I'm using rhel5 running a LAMP stack to create an intranet with. I'm attempting to achieve SSO with users on our network using IE and Firefox. Using the following module I'm able to successfully do it:
mod_auth_kerb
I would like to take it a step further and only allow access to certain locations based on group membership. I was able to achieve this with mod_authz_ldap. Is there a way to utilize both together and if so does anyone have any examples?
Below is the SSO kerberos setup:
<Location /sso/location>
AuthType Kerberos
AuthName "Please Login"
KrbServiceName HTTP
KrbMethodNegotiate On
KrbMethodK5Passwd On
KrbAuthRealms DOMAIN.LOCAL
Krb5KeyTab /etc/httpd/keytab
require valid-user
</Location>
Below is the setup for allowing only members of a group access:
<Location /allowed/only/for/group>
AuthType Basic
AuthName "Please Login"
AuthBasicProvider ldap
AuthzLDAPAuthoritative on
AuthLDAPURL "ldap://dc.domain.local:389/OU=Domain Users,DC=domain,DC=local?sAMAccountName?sub?(objectClass=*)"
AuthLDAPBindDN "CN=ldapbinduser,CN=Users,DC=domain,DC=local"
AuthLDAPBindPassword ldapbinduserpass
require ldap-group CN=Staff,CN=Users,DC=domain,DC=local
require ldap-group CN=Faculty,CN=Users,DC=domain,DC=local
Satisfy any
</Location>
I've read about using kerberos to authenticate then using some PHP code to do a group lookup but I'm hoping this can be achieved strictly with apache configurations and no need for altering web page code.
Any help is greatly appreciated. Thanks.
…Google just showed me the following, anyone using it:
http://www.stanford.edu/services/webauth/
Best Answer
This allows all users who are members of either the Students/Staff AD groups access to pages behind http://intranetsite/students without needing to specify login credentials provided their IE/Firefox are configured properly.

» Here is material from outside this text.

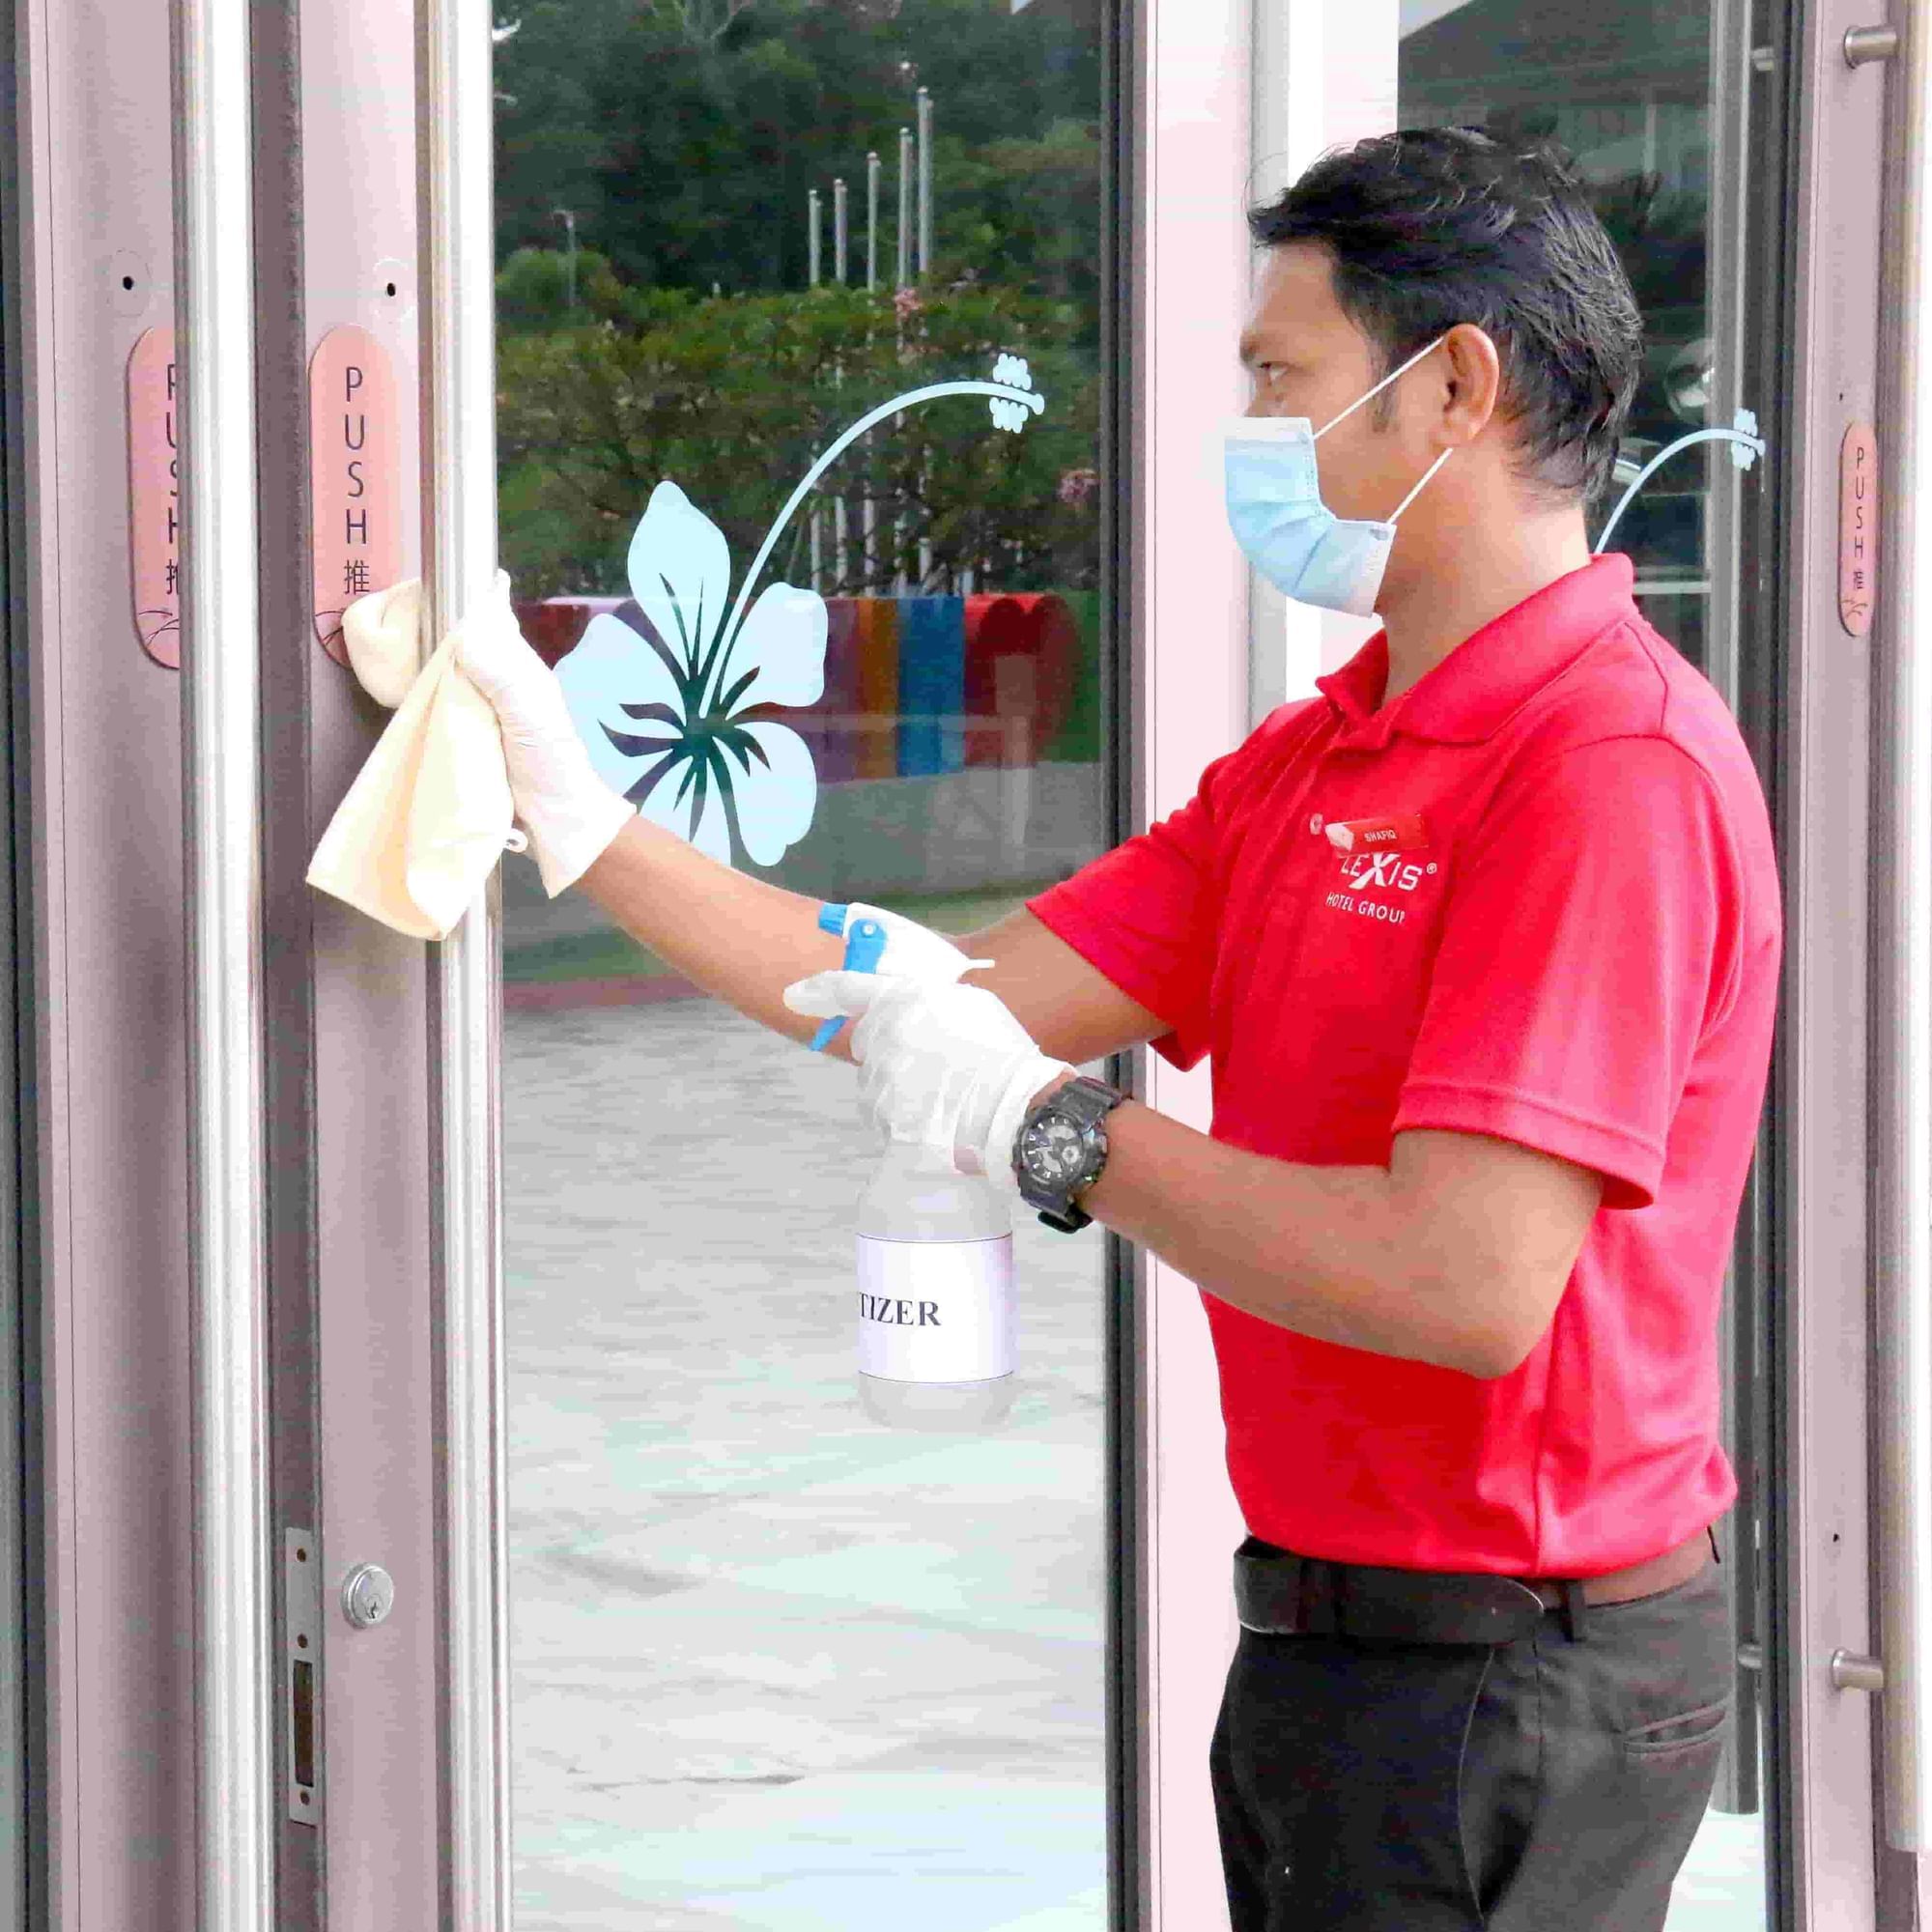 News 2020 - Enhance Cleaning Protocols During MCO | Lexis Hibiscus® Port Dickson

The userPrincipalName was used instead of sAMAccountName because the kerberos module was passing the username@REALM to the ldap module.
Now I have the problem where if someone isn't authorized they are presented with:
Authorization Required This server could not verify that you are authorized to access the document requested. Either you supplied the wrong credentials (e.g., bad password), or your browser doesn't understand how to supply the credentials required.
Does anyone know how to have it pop up a username/password dialog box so they could try alternate credentials? After unsuccessfully gaining authorization, the only way I can get it to ask for credentials is to clear out my cache. If I am logged in to the PC as an authenticated user but one that isn't authorized to this resource I have no way of suppying alternate credentials (which may be a good thing).